There was a pained concern in Geri’s eyes as she spoke. ‘I know, I’m sorry. I know that you’re not ready for someone else – Jesus, how could you be? And I know that you’re still grieving for your mum and dad, I just – just be careful, that’s all.’
I almost laughed. This guy had not seemed like somebody I felt I needed to be careful of. He had been so interesting and kind and – well, calm. And he had been the first person I had talked to in nearly two months who didn’t know about Mum and Dad, didn’t know about Stephen or Tim, who seemed interested in me – the old me – rather than ghoulishly fascinated by what a fantastic mess my life was. I just wanted to sit in a room with him for a couple of hours and talk and listen and pretend to be normal. I just wanted a friend. A handsome, charming friend.
*
He was waiting for me at the bottom of the library steps on the Friday night. Several of the other staff were leaving at the same time as me, heads down as they pulled their phones from their handbags or buttoned up their jackets, but some of them saw me greet him and walk off with him. I felt a warm glow that they might think this man was my boyfriend or my husband, that they might assume that my life was filled with the simple pleasures of a walk home on a chilly spring night with a tall, warm man.
‘So what’s your name, mystery man?’ I asked him. He was walking close beside me, his arms swinging loosely by his sides.
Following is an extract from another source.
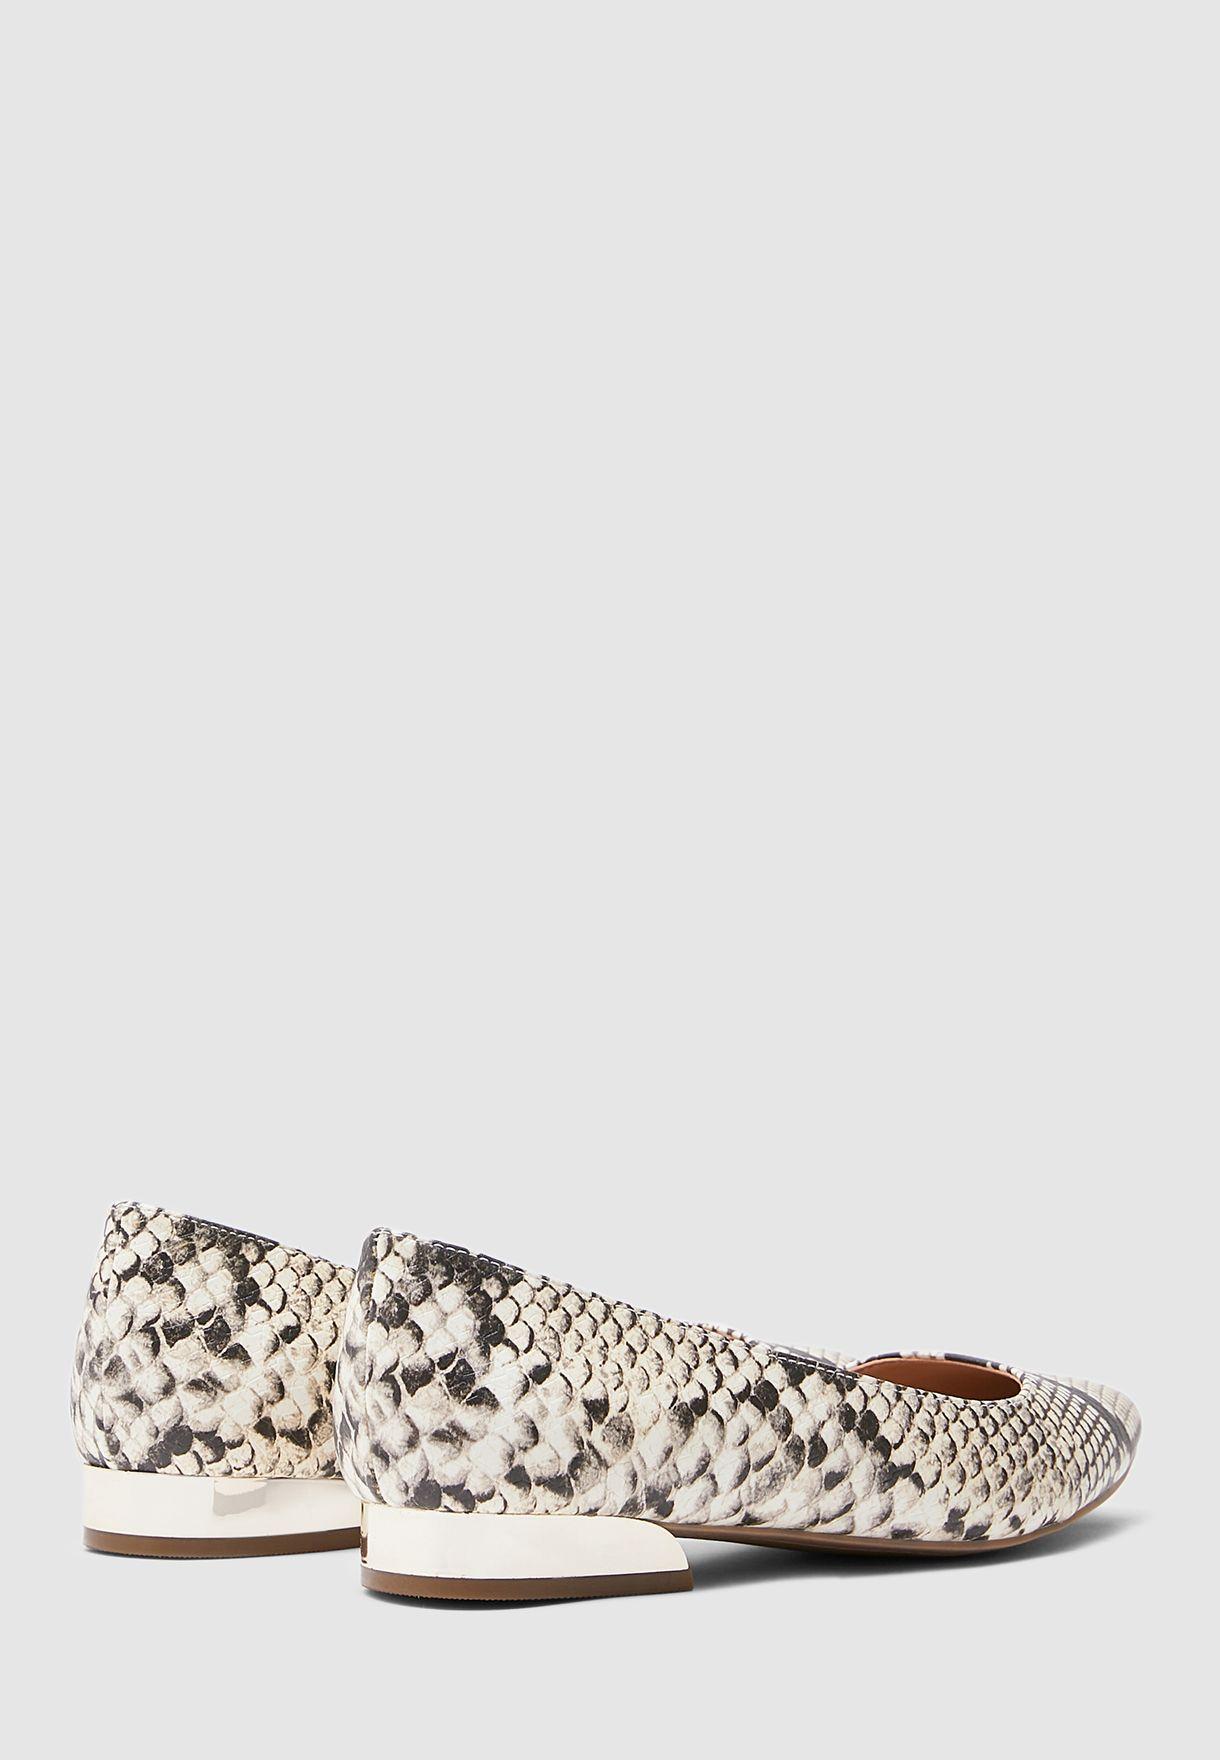 Call It Spring Ankai Ballerina - Brand Shoes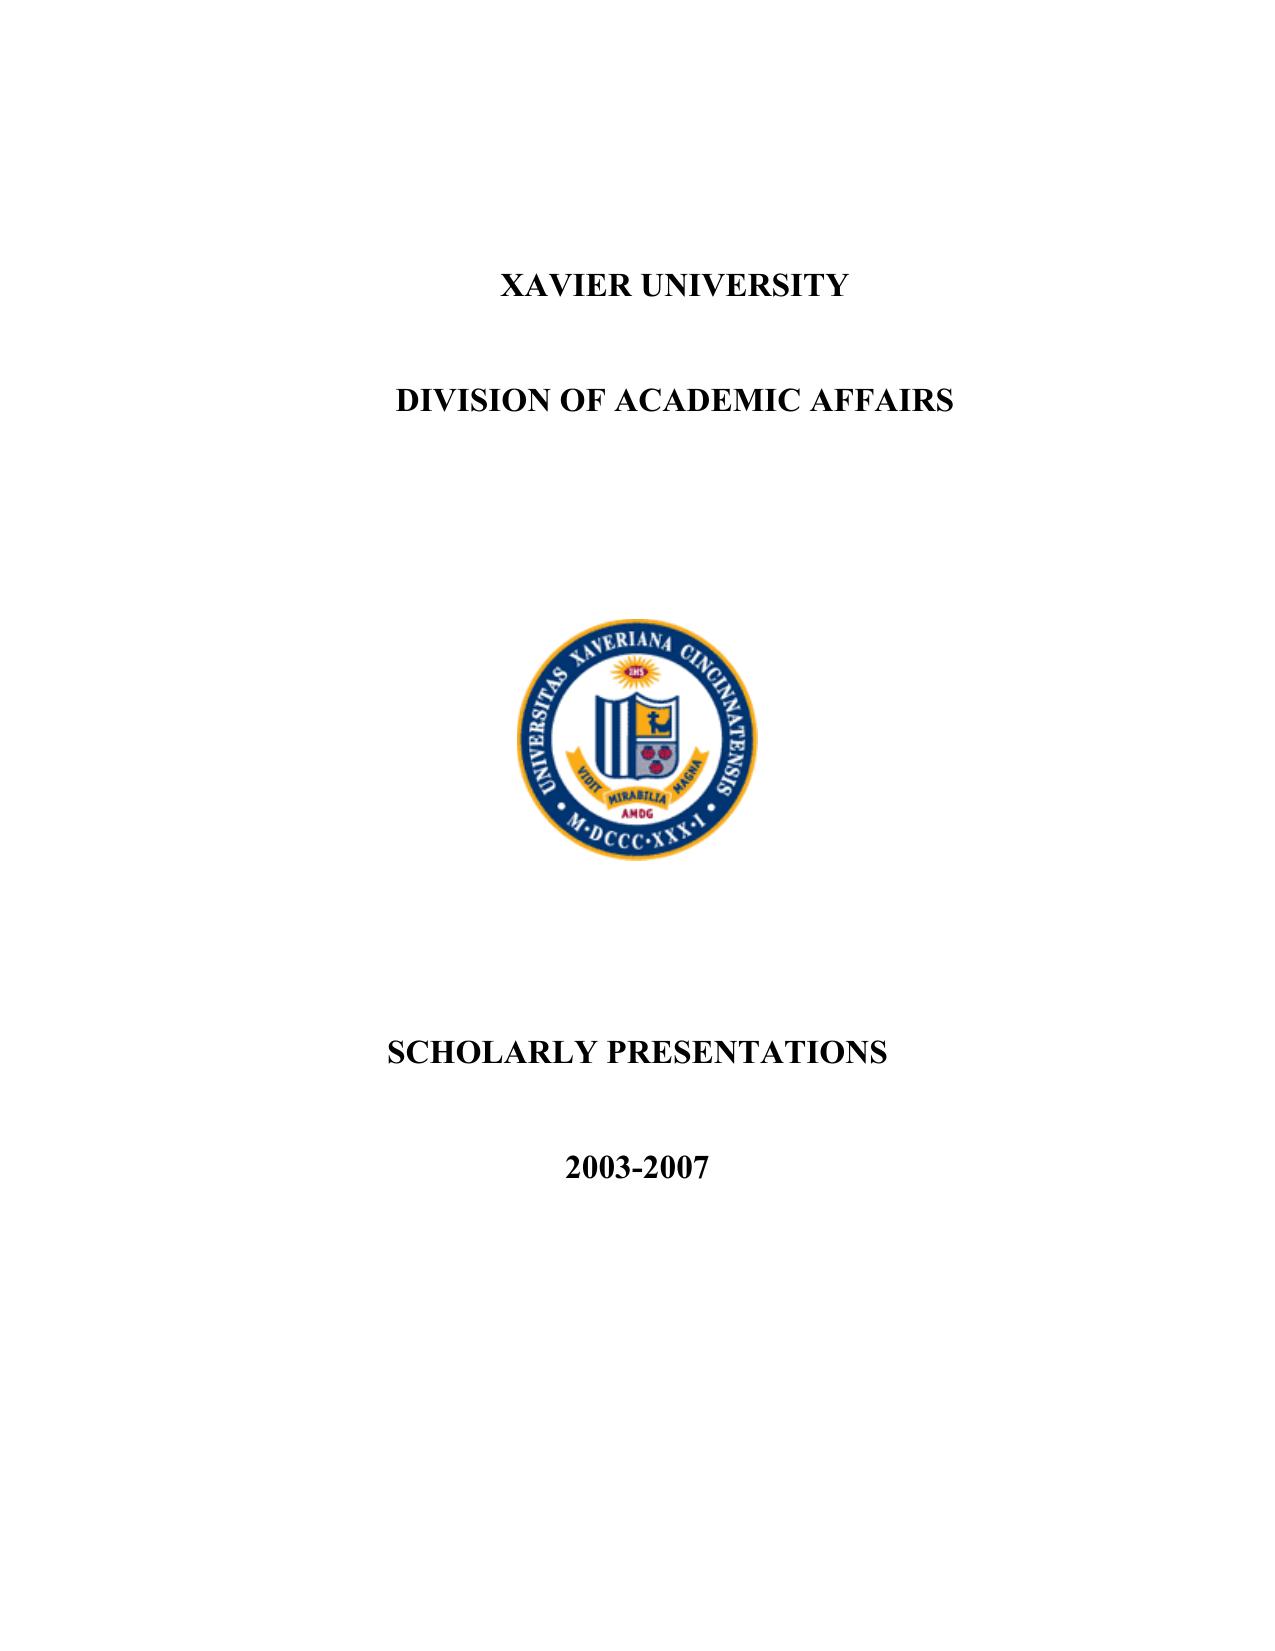 XAVIER UNIVERSITY DIVISION OF ACADEMIC AFFAIRS SCHOLARLY PRESENTATIONS 7cfef29c1

I could have reached out and grabbed his hand if I’d wanted to. I wrapped my arms around myself, keeping my own hands safely out of reach.
‘Ed,’ he said, smiling and meeting my eyes.
It was quite something that smile: broad and intimate and knowing and fond. The smile of an old friend you never expected to see again, who greets you by telling you that you haven’t changed a bit. It would warm the coldest of hearts, I felt sure, but of course all that was academic because my heart wasn’t simply cold but dead. The body, however, is something else altogether, and I began to feel a long-forgotten sizzle in my gut when his eyes started to twinkle. I looked away, worried that I was beginning to blush.
‘Have I ruined the mystique now?’ he asked.
‘A bit,’ I said. ‘Why don’t you ruin it a bit more and tell me where we’re going?’ We were heading away from the town centre, up South Parade. ‘I didn’t know there was anywhere up here.’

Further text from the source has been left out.